I have written a book, “So, You Want to Franchise Your Business,” that will be in stores on August 1, 2008, and delves into the way a company embarks on the franchise path. It includes the dos and the don’ts of franchising your business. In my book, my co-author, Adina Genn, and I discuss what makes a company right for franchising and how to go about turning a successful business into a franchise company. Here are a few key tips from my book:

  1. Have a successful model. It is impossible to create a franchise program without having at least one successful operation, a pilot, if you will. It is not feasible to think that if your core business loses money and is unsuccessful, that a franchisee will be any different. It is imperative that your franchisees be successful, otherwise franchising does not work.

  2. Make sure your business model is replicable. You must be able to build clones of your operation, otherwise, the system will not work. Have you ever seen a McDonalds without the infamous golden arches? That is just one example, but it goes beyond the look. It is the method of operation that must be duplicated.

  3. Attain capital for your franchise. You must have capital in order to roll out the franchise program. You cannot believe that franchising will cure your cash flow issues, you need to have money in order to roll out the program. Do not view the program as a way to fund an undercapitalized business model.

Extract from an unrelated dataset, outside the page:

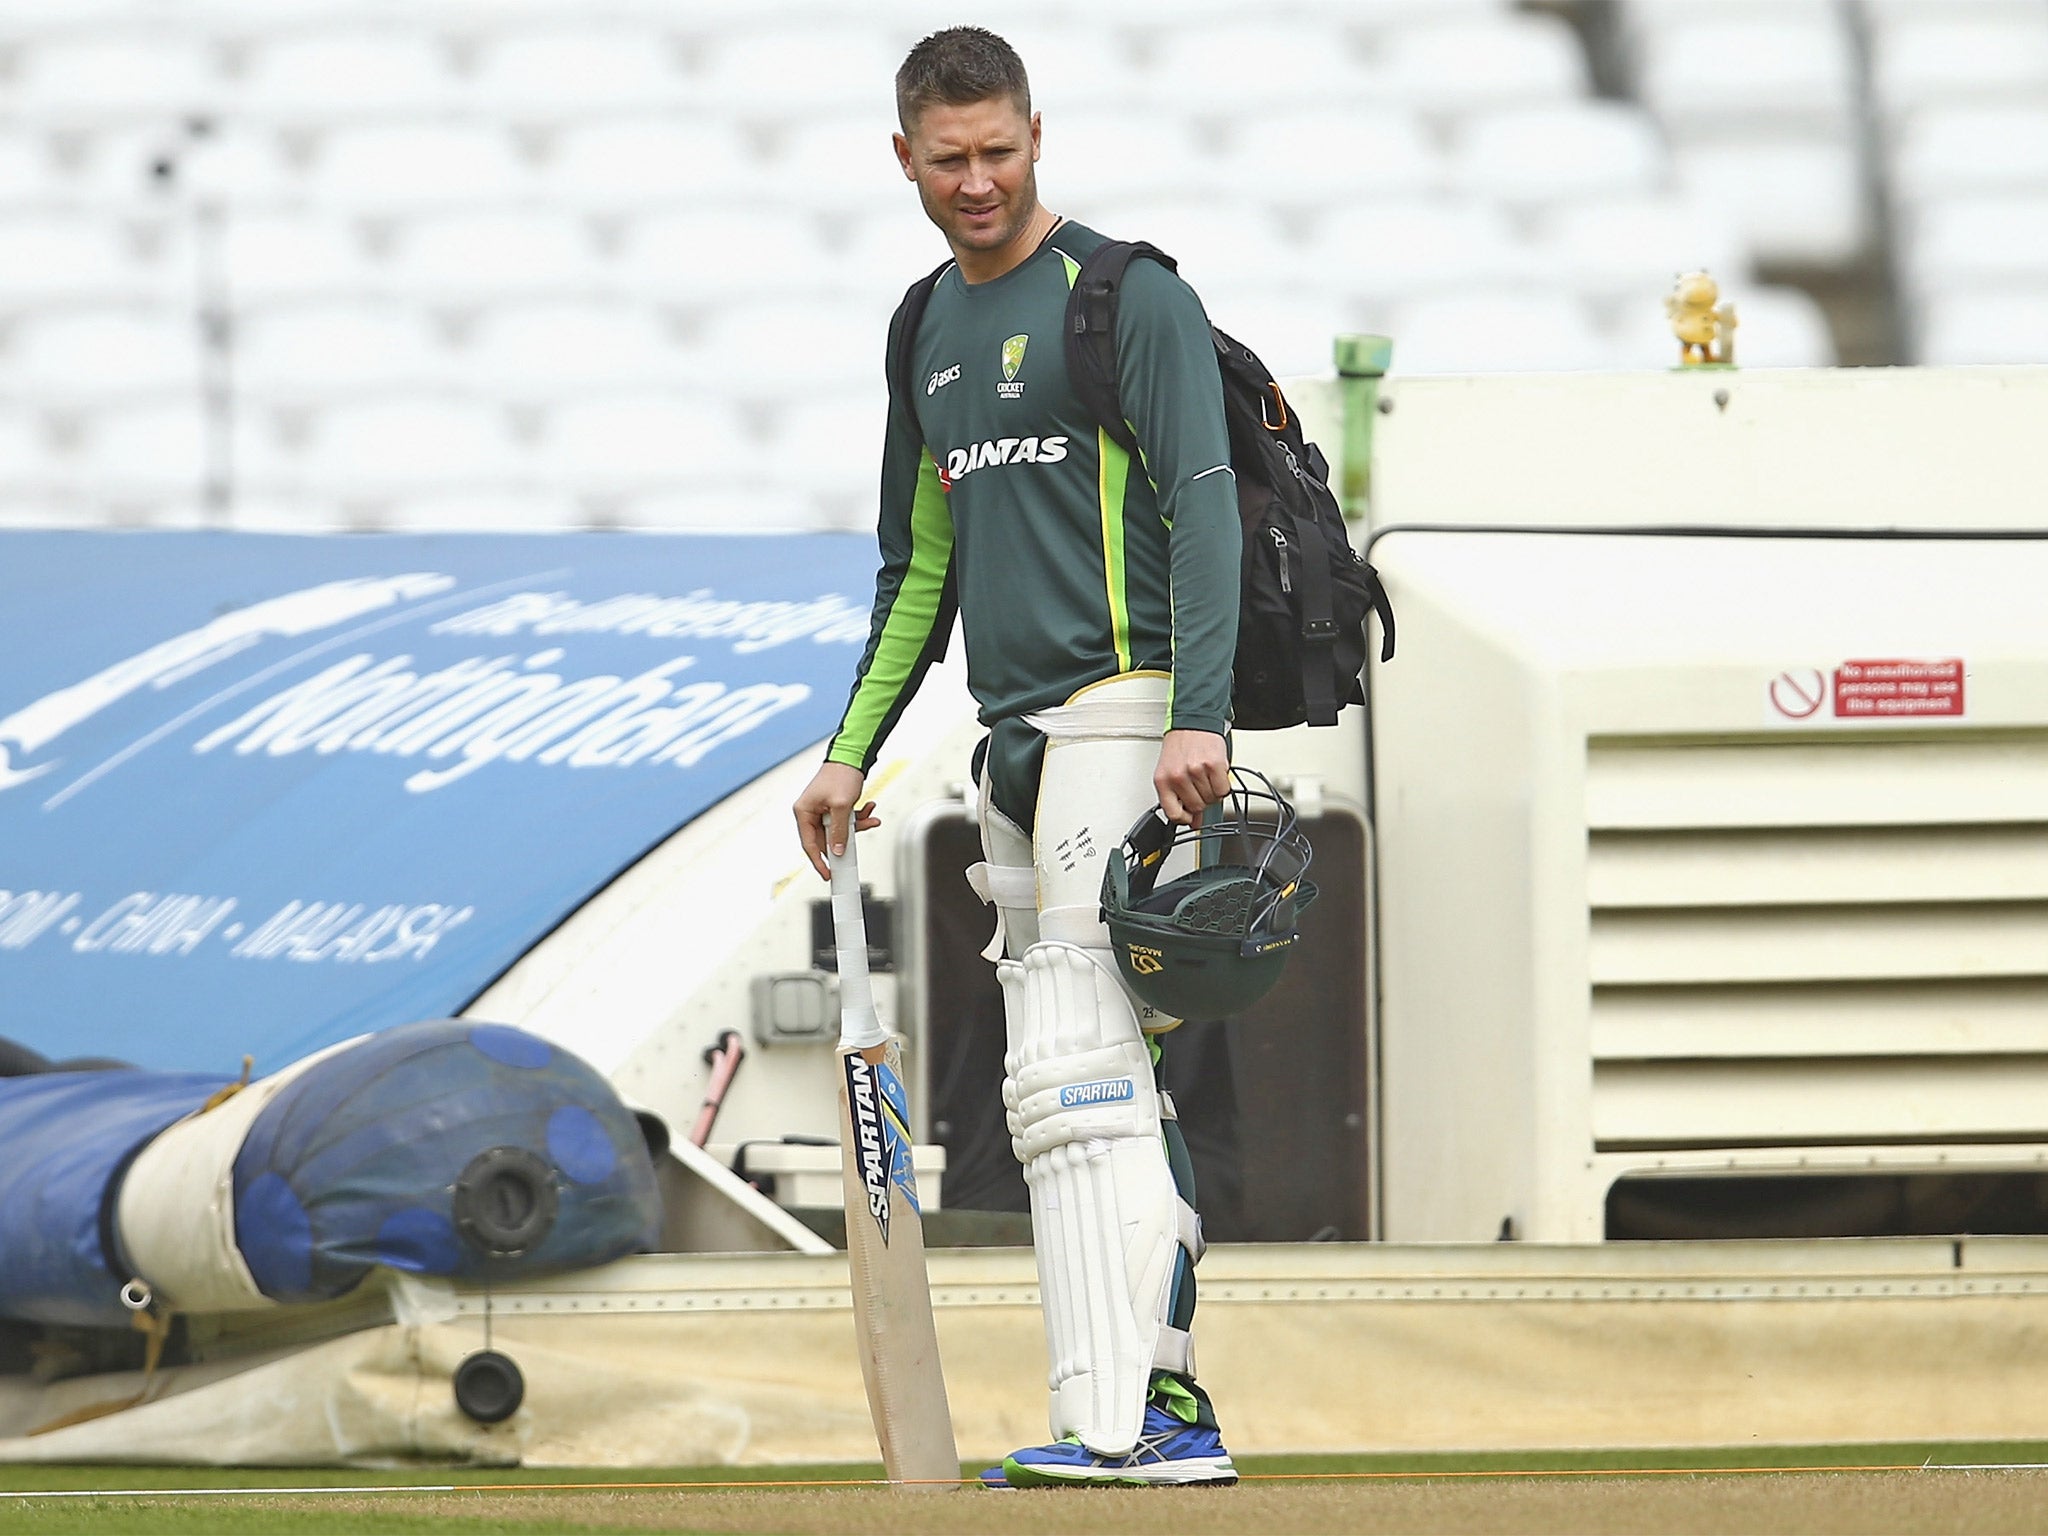 Michael Clarke arrives at Trent Bridge for a nets session ahead of the 4th Test

  4. Prove your model works! The concept that you are trying to franchise must lucrative. You must demonstrate that your concept works before you try to offer it to the public as a franchise. If the business model is a failure, your franchisees will inevitably fail as well. Franchising can be a wonderful business model, but your initial model must work first, otherwise franchising will not be possible.
Why franchise your business? Very good question, but to those of us in the business, the answer is quite obvious. If you want to grow your business beyond one or two stores, and you cannot afford to build more units at, for example, $500,000 each, then what better way to grow than to let a franchisee buy a franchise and build the unit himself or herself for that amount, and you simply receive the weekly royalty of 5% or 6% of gross revenues? Franchising is a vehicle for growth using the capital and human resources of someone else (the franchisee). How great is that? It is simple, yet complex. The franchising relationship goes much deeper than building the unit and collecting royalties. It is a starting place for companies that want to grow but do not have the internal capital or human resources, like Starbucks, to do it by themselves.